Here the job is to repeat the listing exactly, but not the pictures in it.

- [GIVEN INFORMATION]
::::

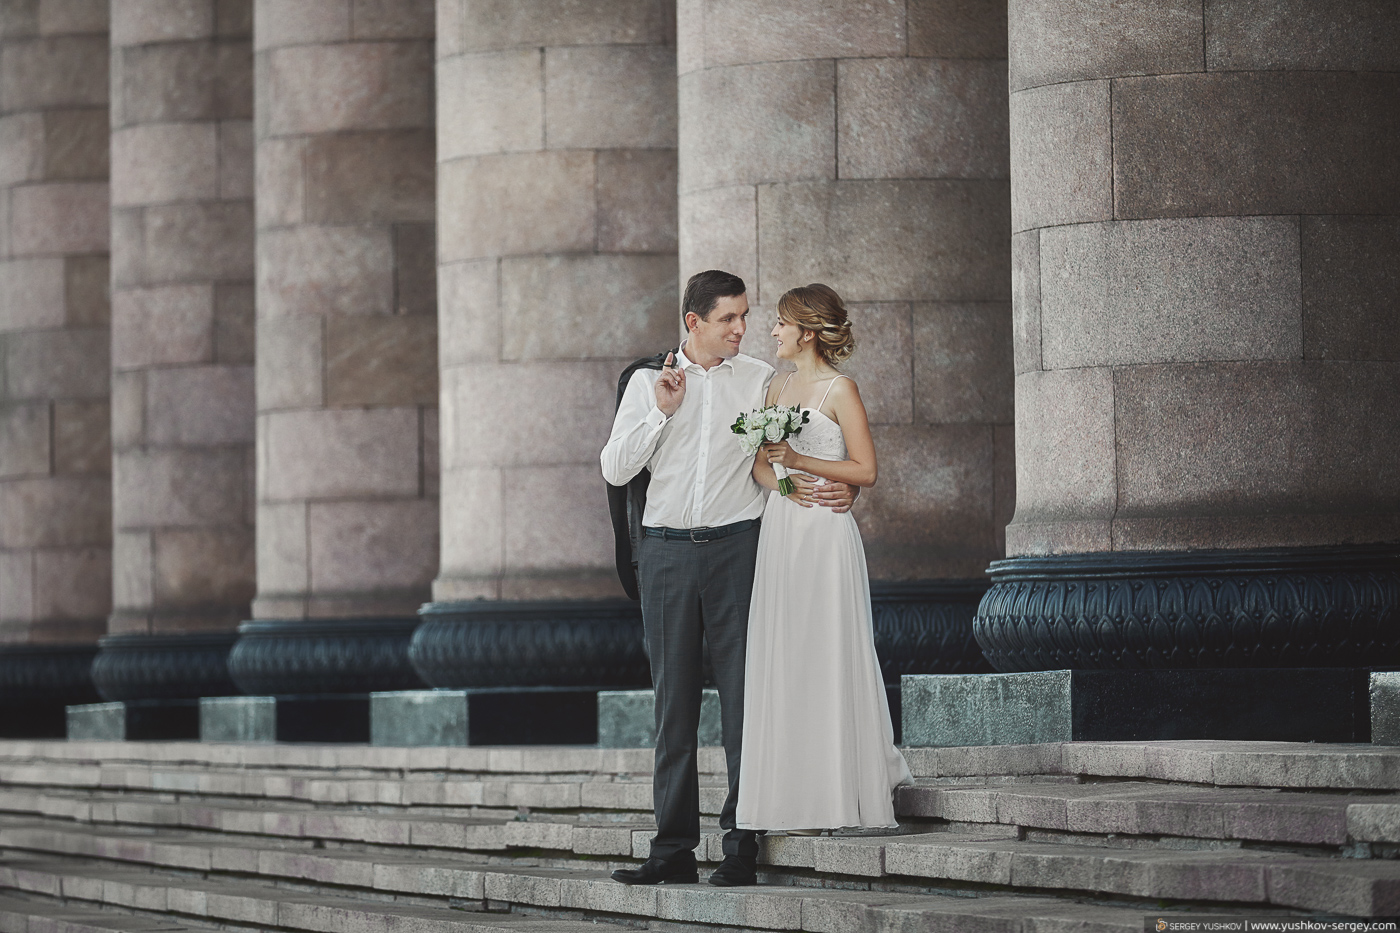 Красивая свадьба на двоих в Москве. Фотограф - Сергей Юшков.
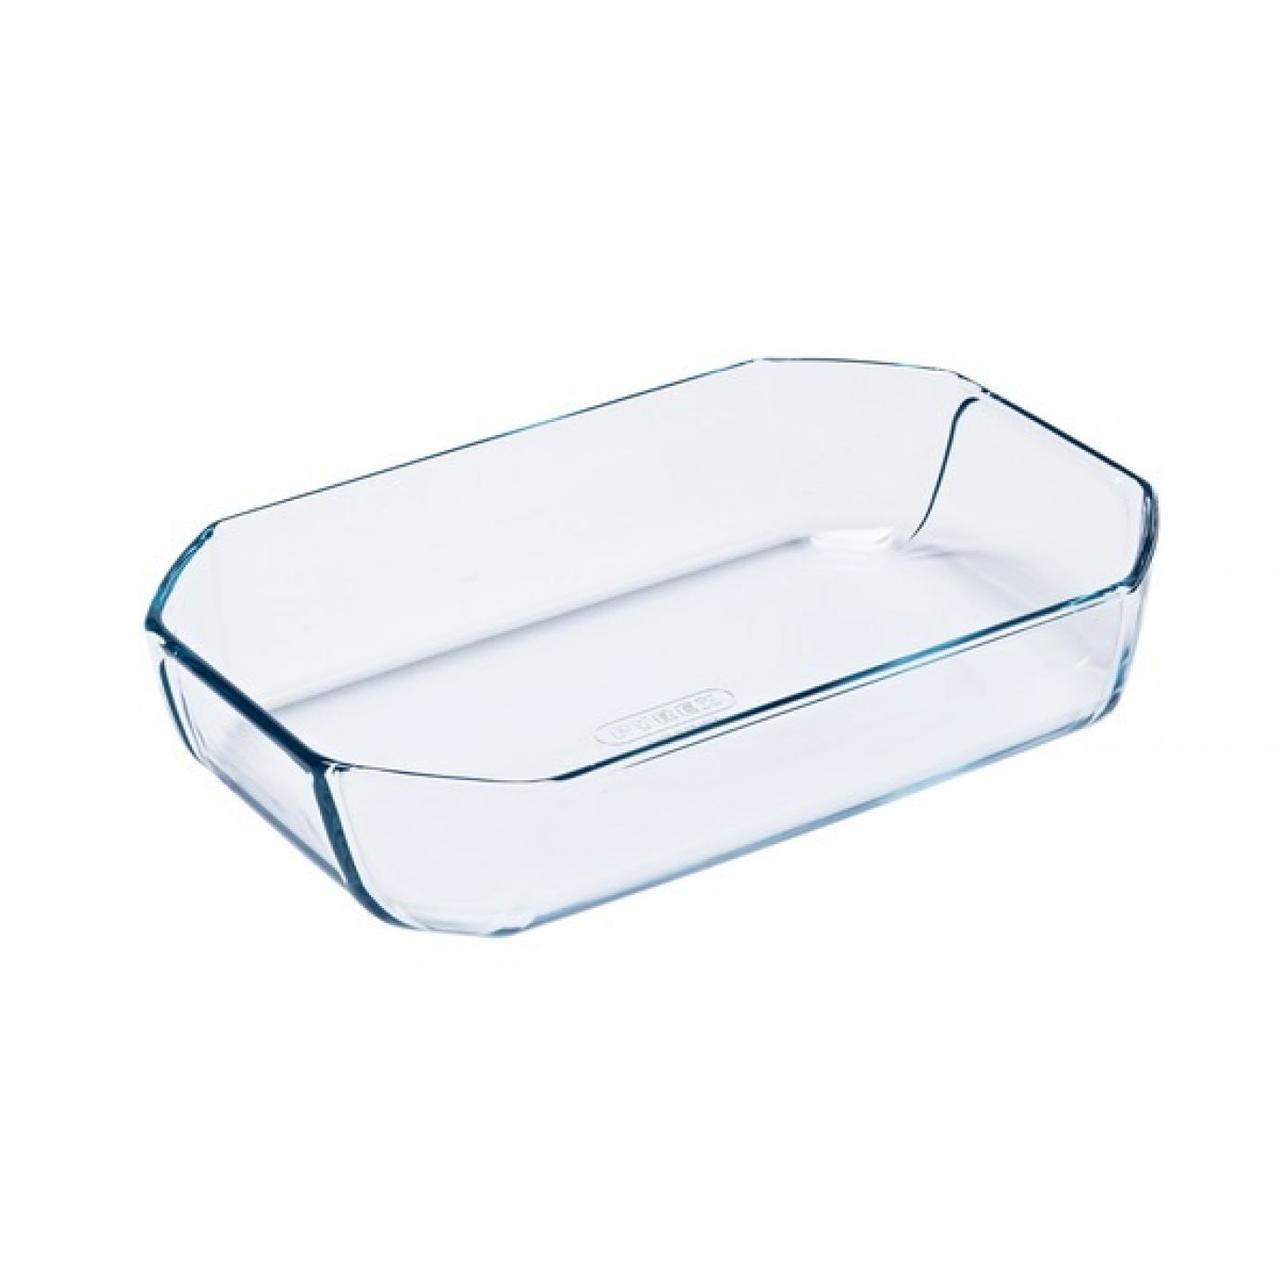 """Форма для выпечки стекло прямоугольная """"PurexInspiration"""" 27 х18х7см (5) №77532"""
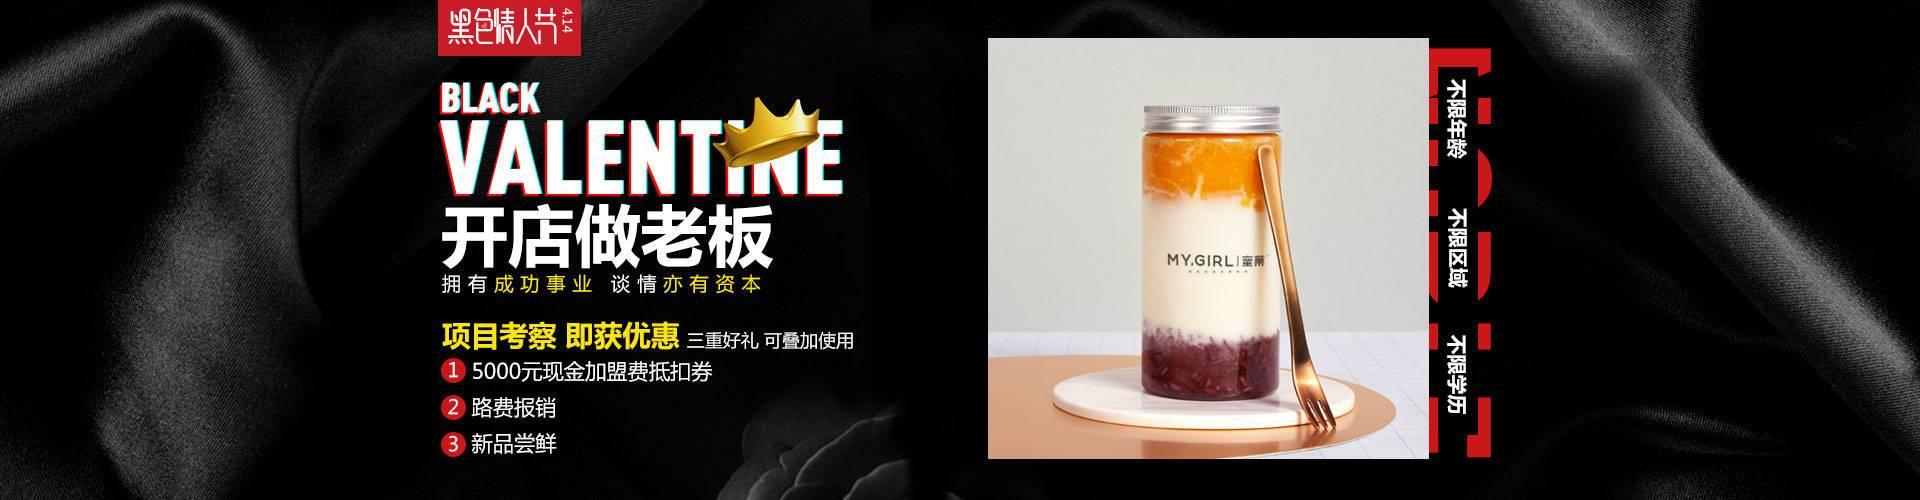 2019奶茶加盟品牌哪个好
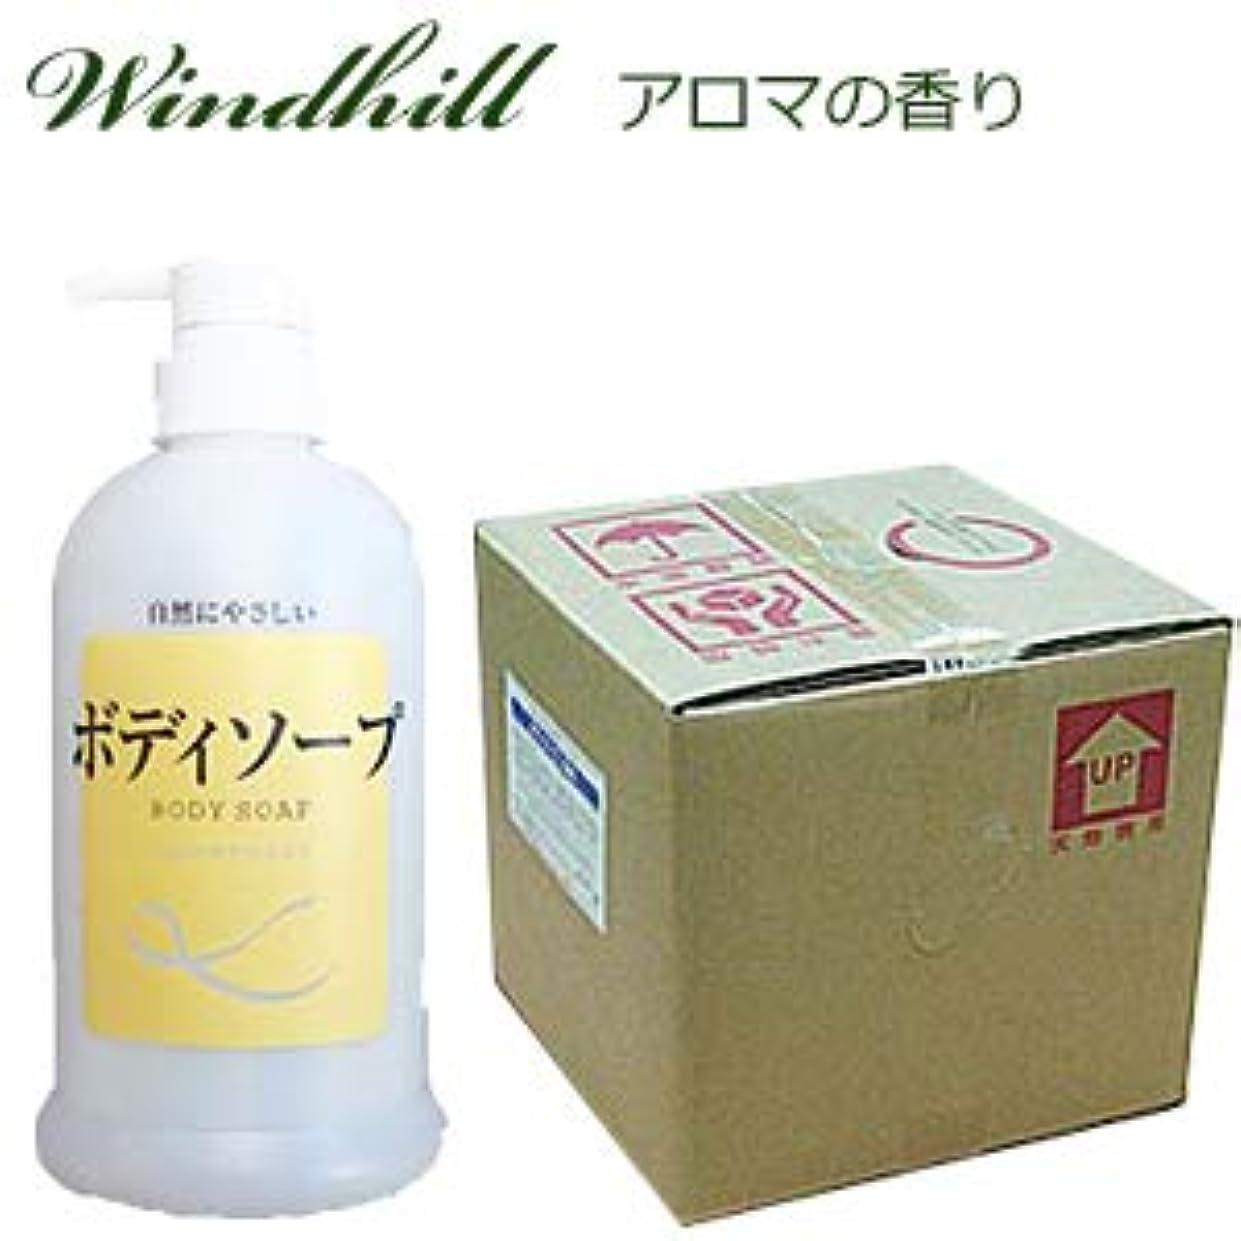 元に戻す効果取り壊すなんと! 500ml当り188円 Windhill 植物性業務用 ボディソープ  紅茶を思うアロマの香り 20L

::::

- [TASK RESULT]
 Красивая свадьба на двоих в Москве. Фотограф - Сергей Юшков.
 """Форма для выпечки стекло прямоугольная """"PurexInspiration"""" 27 х18х7см (5) №77532"""
 2019奶茶加盟品牌哪个好
 元に戻す効果取り壊すなんと! 500ml当り188円 Windhill 植物性業務用 ボディソープ  紅茶を思うアロマの香り 20L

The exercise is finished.